#### Activity
The reply should contain all the data below, repeated exactly, and none of the images.

#### Available data
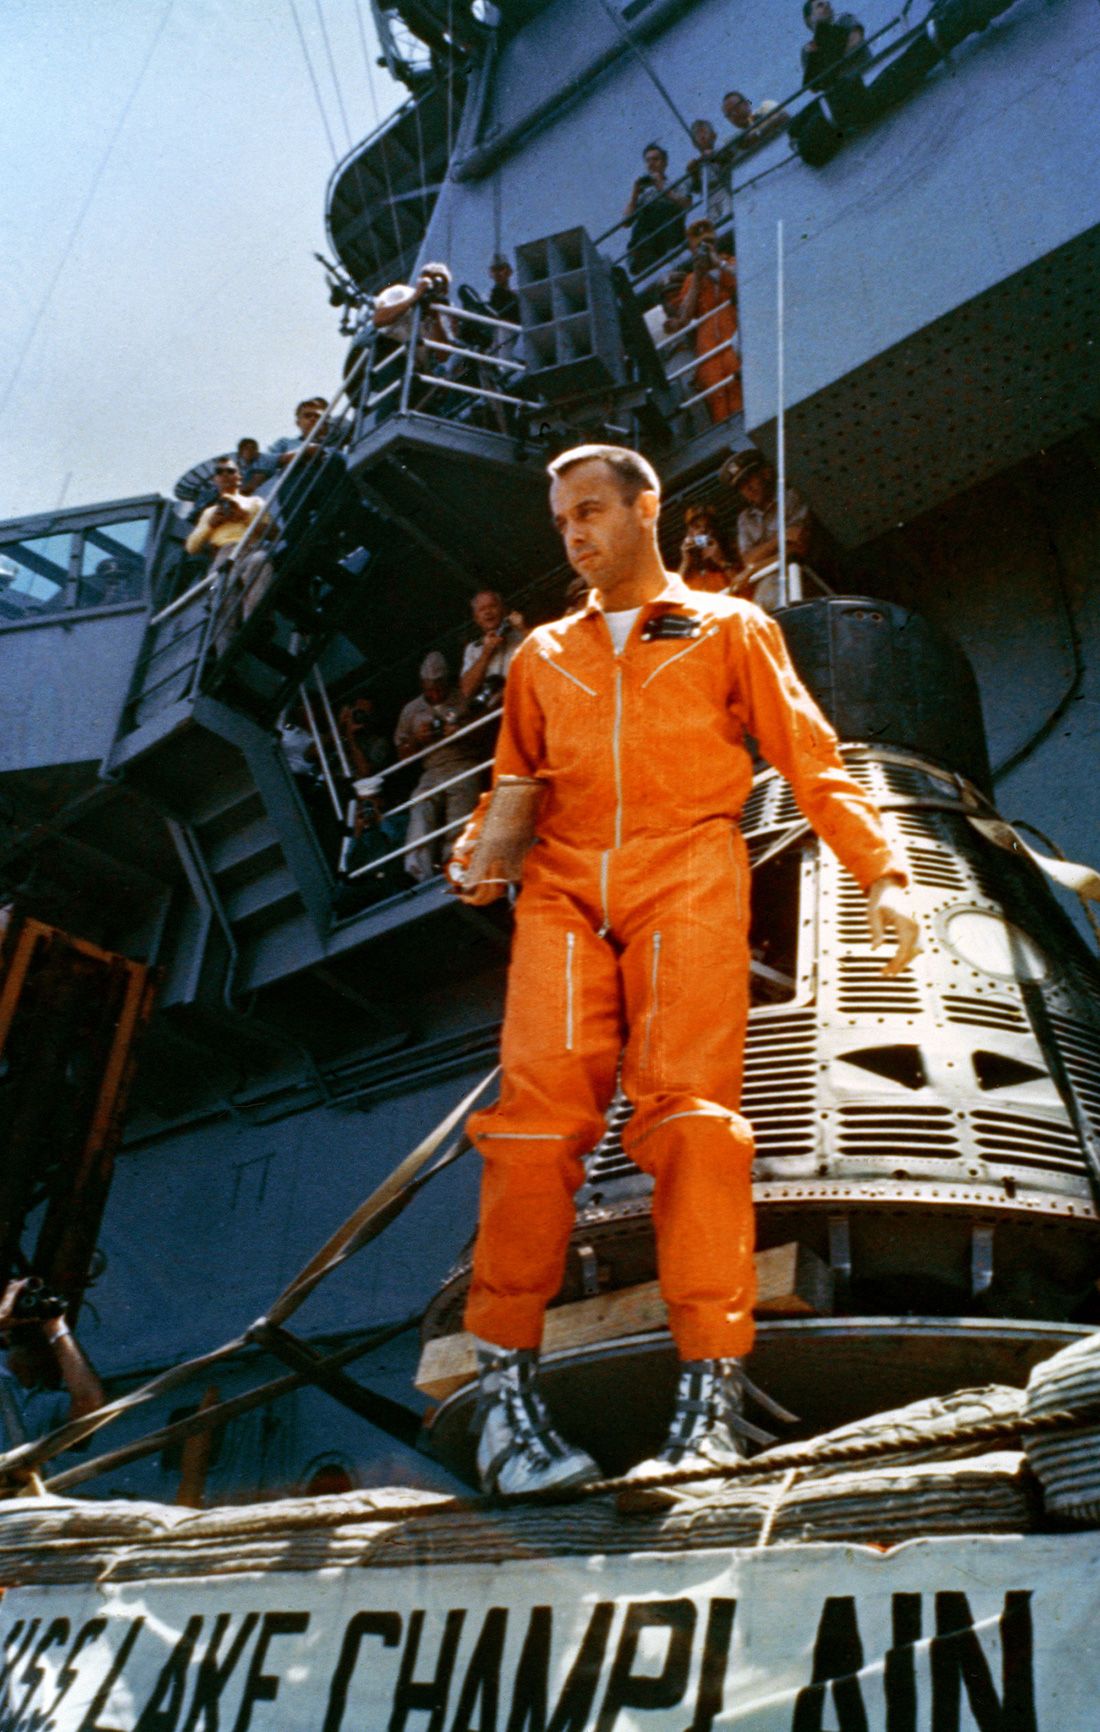 Mercury Redstone 3: Photos from Alan Shepard's Freedom 7 Spaceflight
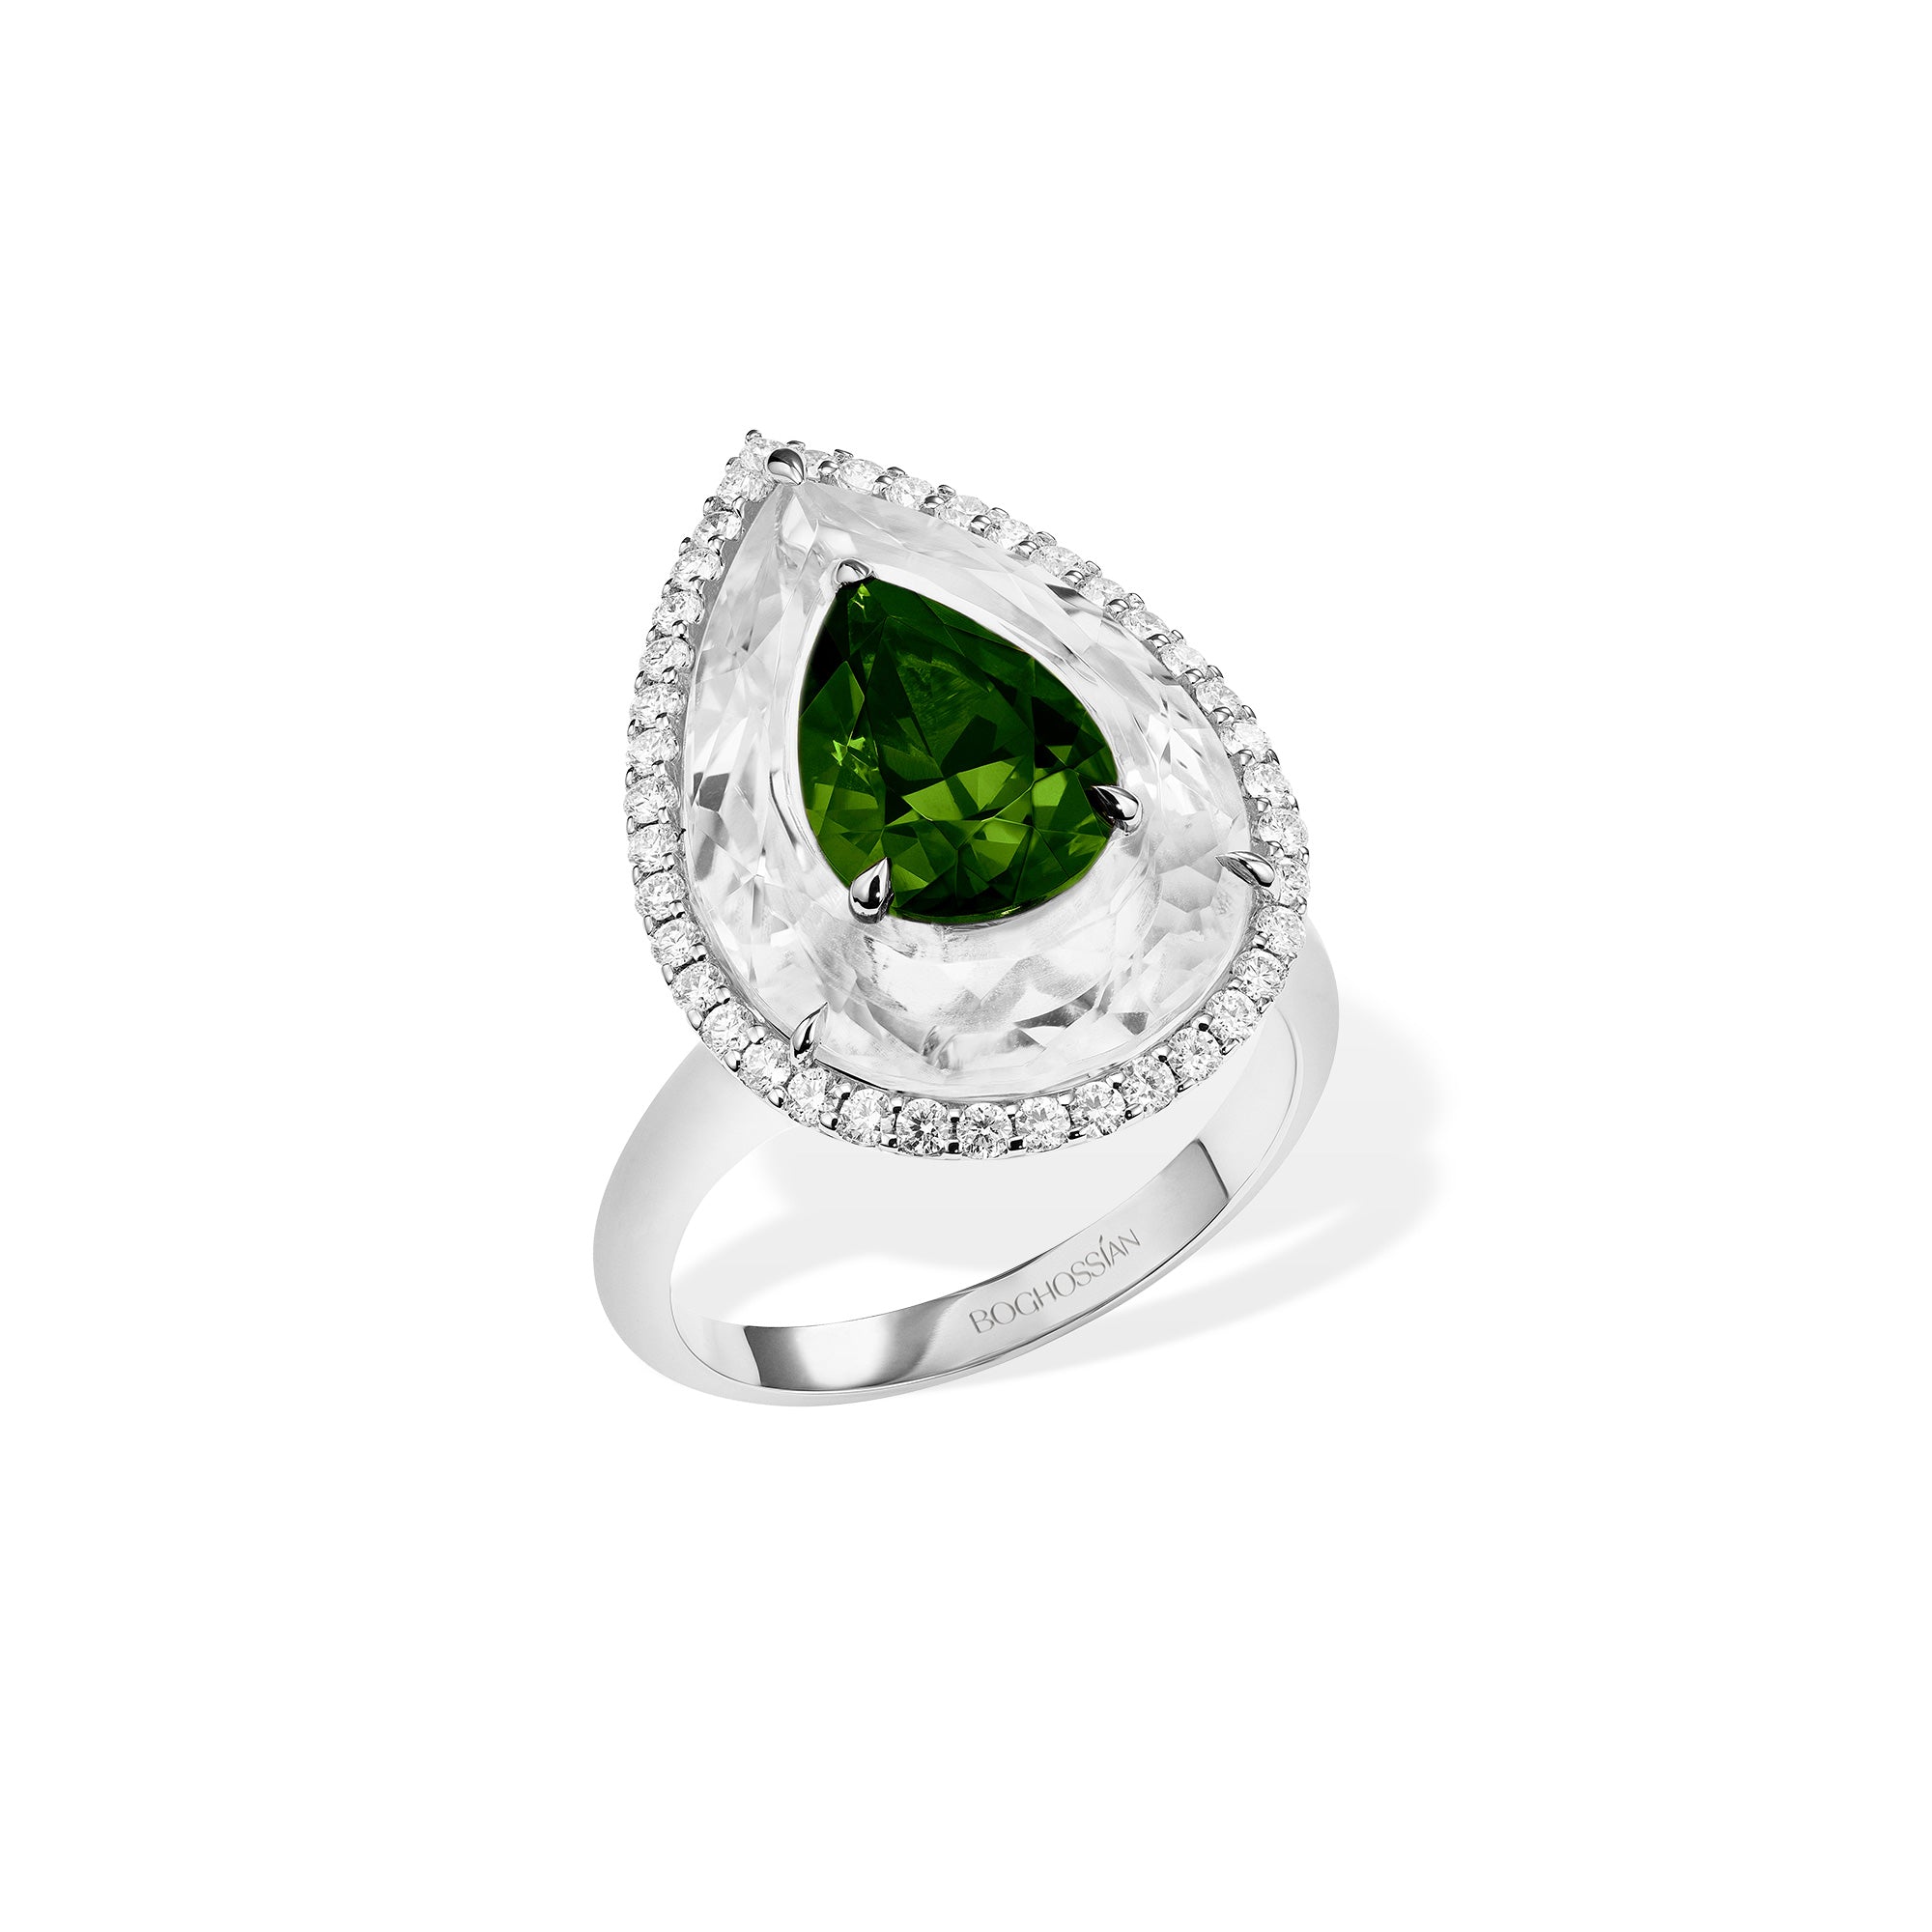 Shine - Green Tourmaline and Rock Crystal Ring
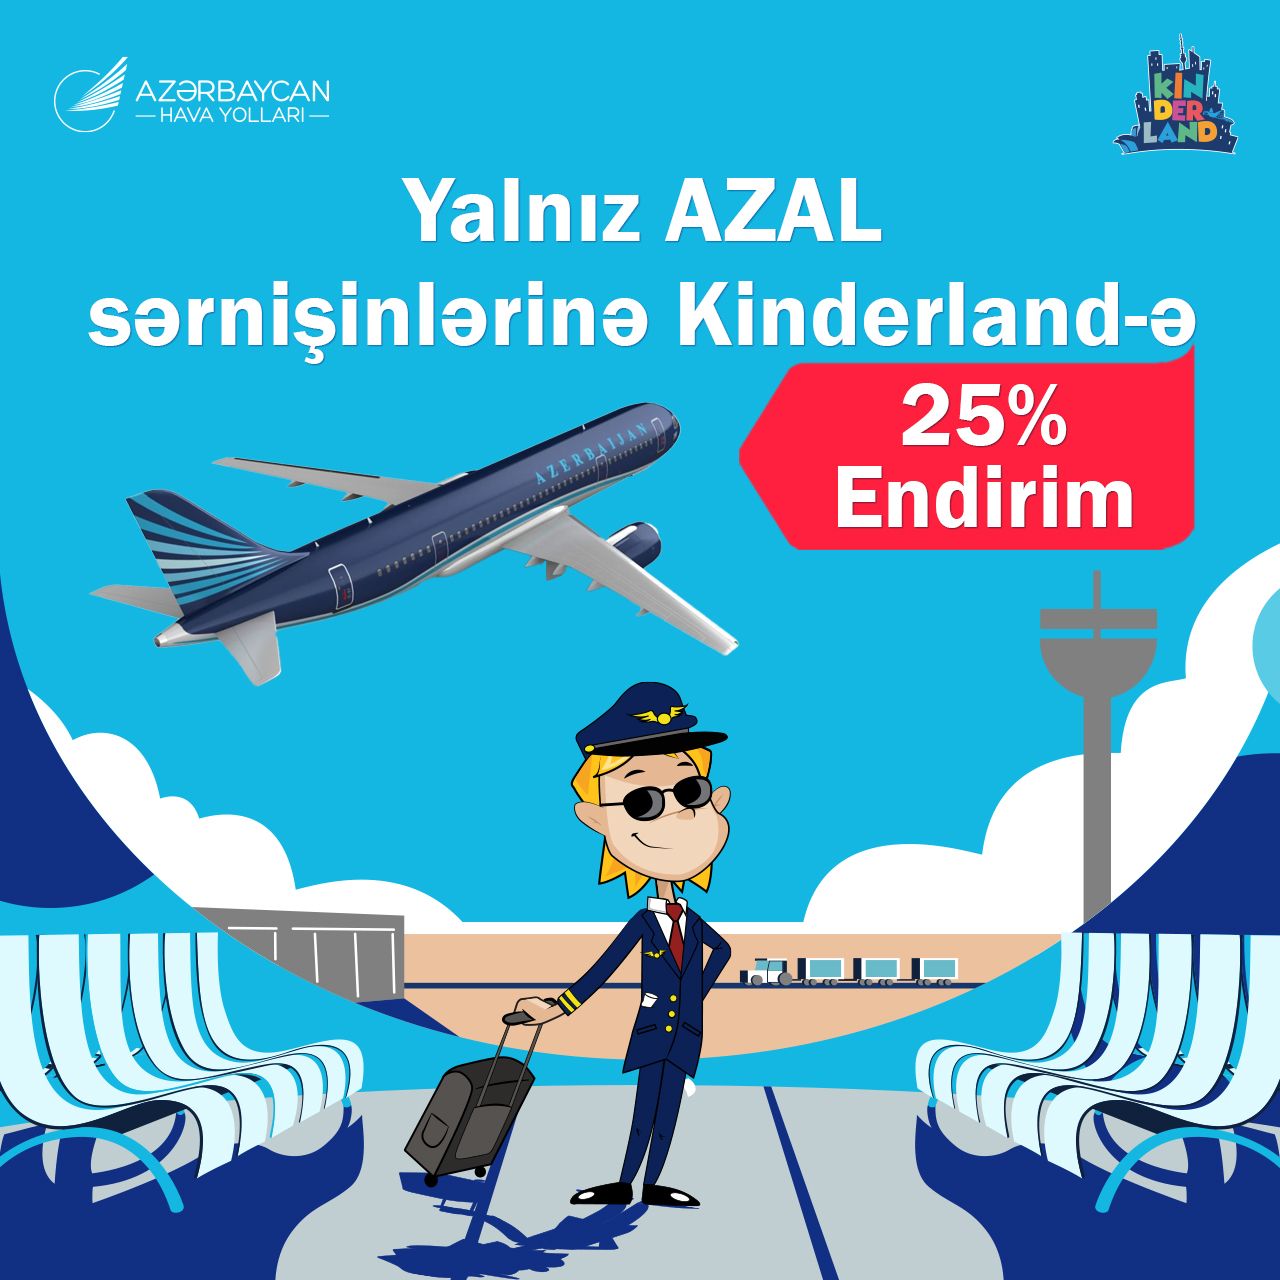 25% Discount to Kinderland for AZAL passengers
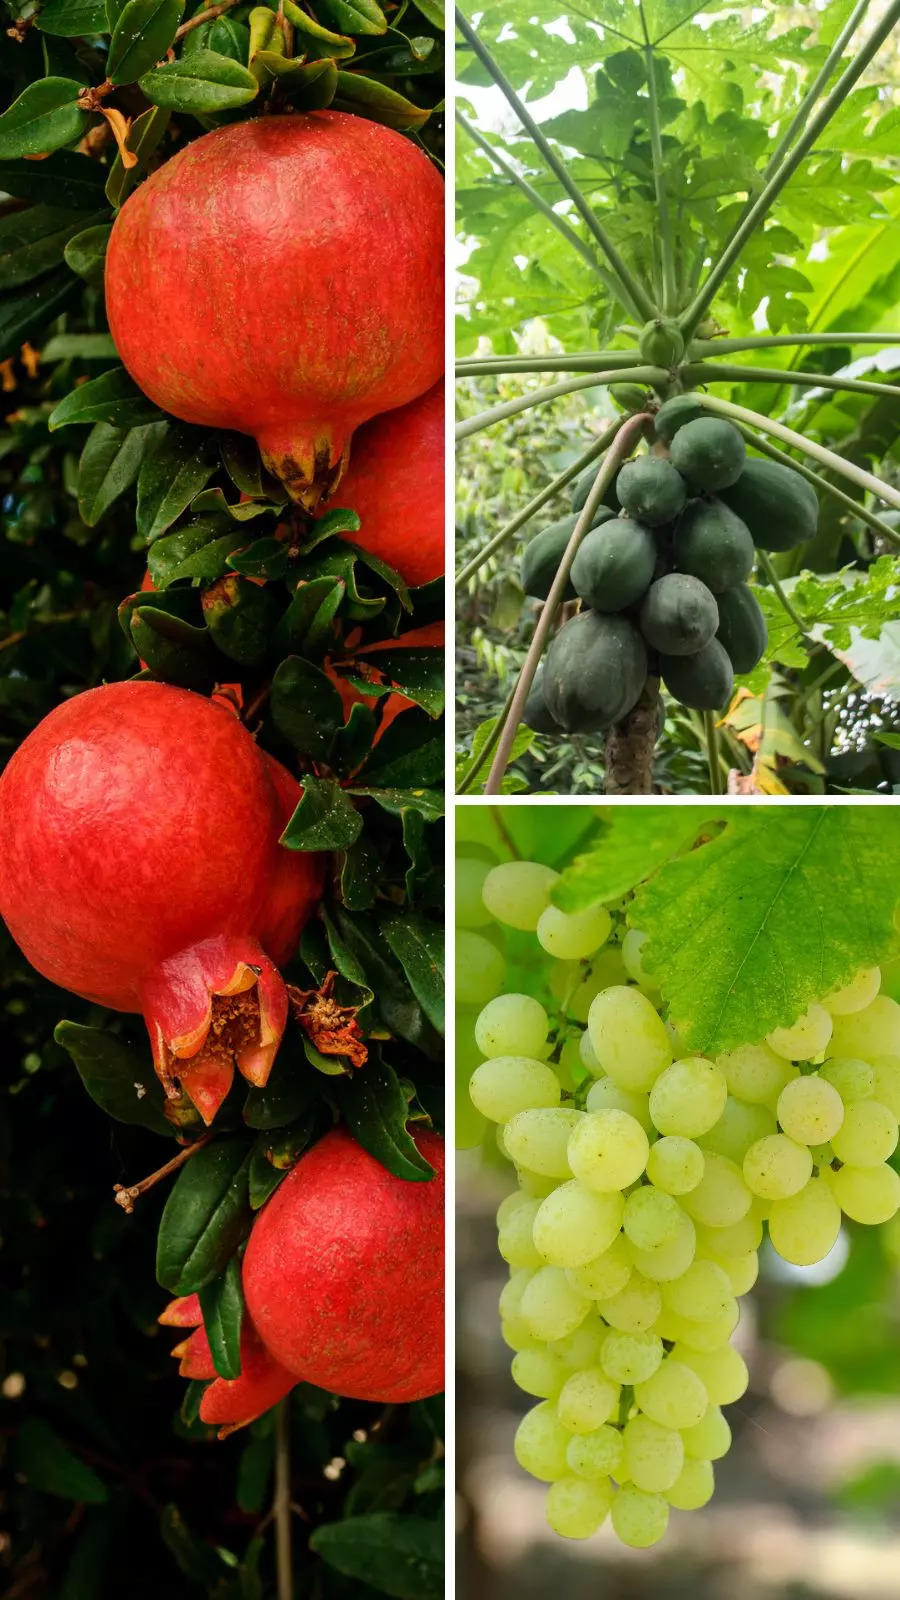 10 fruits to increase hemoglobin levels naturally

#### Solution to this problem
 Mercury Redstone 3: Photos from Alan Shepard's Freedom 7 Spaceflight
 Shine - Green Tourmaline and Rock Crystal Ring
 25% Discount to Kinderland for AZAL passengers
 10 fruits to increase hemoglobin levels naturally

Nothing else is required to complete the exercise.